Our analysis revealed substantial variation in swelling size between individuals, much of which remained unaccounted for by the variables we examined. That is, significant between-individual differences in swelling size persisted even when controlling for within-cycle and within-individual variation. This is an important step toward a complete description of how primate sexual swellings vary because, while other studies have made attempts to describe inter-individual variation (Domb and Pagel 2001; Huchard et al. 2009a, b), this study is the first to control for several potentially confounding factors.
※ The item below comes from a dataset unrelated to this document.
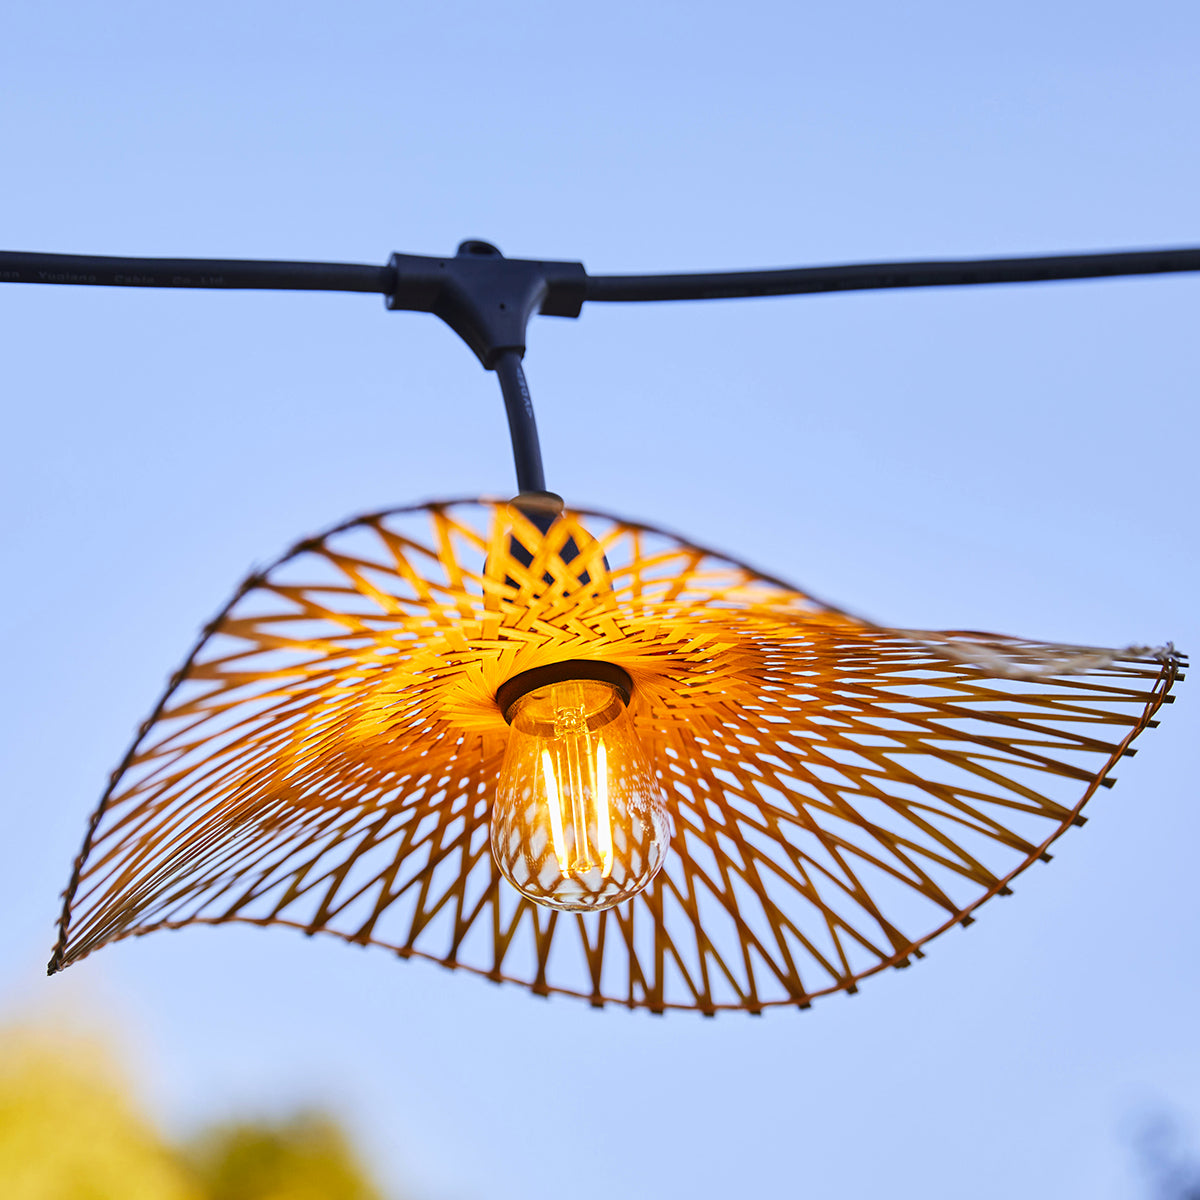 Guirlande lumineuse raccordable d'extérieur avec abat-jour en bambou naturel style bohème 7 ampoules à filament douille E27 LED blanc chaud SERENITY LIGHT 6m

Several variables might influence this inter-individual variation, including differences in body size, genetic variation, or differences in endogenous hormones. We tried to measure body size using the same photographic technique that we used to measure swelling size, but we concluded that within-individual error in these measurements was too great enough to warrant analyzing them (see Online Resource 5). Nonetheless, if males can assess whether a female’s swellings are particularly large for her body size, this might represent somewhat more refined information than simply absolute swelling size. Currently, we have no direct evidence to indicate whether absolute swelling size or swelling size relative to body size is the more relevant signal, but we anticipate that subsequent studies of male response to swelling size will reveal this information. If genetic variation influences variation in swelling size, important genetic differences might be found in insulin/IgF receptor genes; a recent study hypothesizes that sexually selected are most likely to exploit the insulin/IgF pathway (Emlen et al. 2012). Indeed, one study has already indicated that swellings may sometimes reveal information about genes related to immune function (Huchard et al. 2010). Similarly, because circulating levels of estrogen drive the increase in swelling size (Ozasa and Gould 1982; Onouchi and Kato 1983), genetic variation in estrogen receptor genes and their associated regulatory regions may be important determinants of swelling size. Finally, inter-individual variation in swelling size may reflect enduring differences in circulating levels of hormones, or receptor density in the tissue involved.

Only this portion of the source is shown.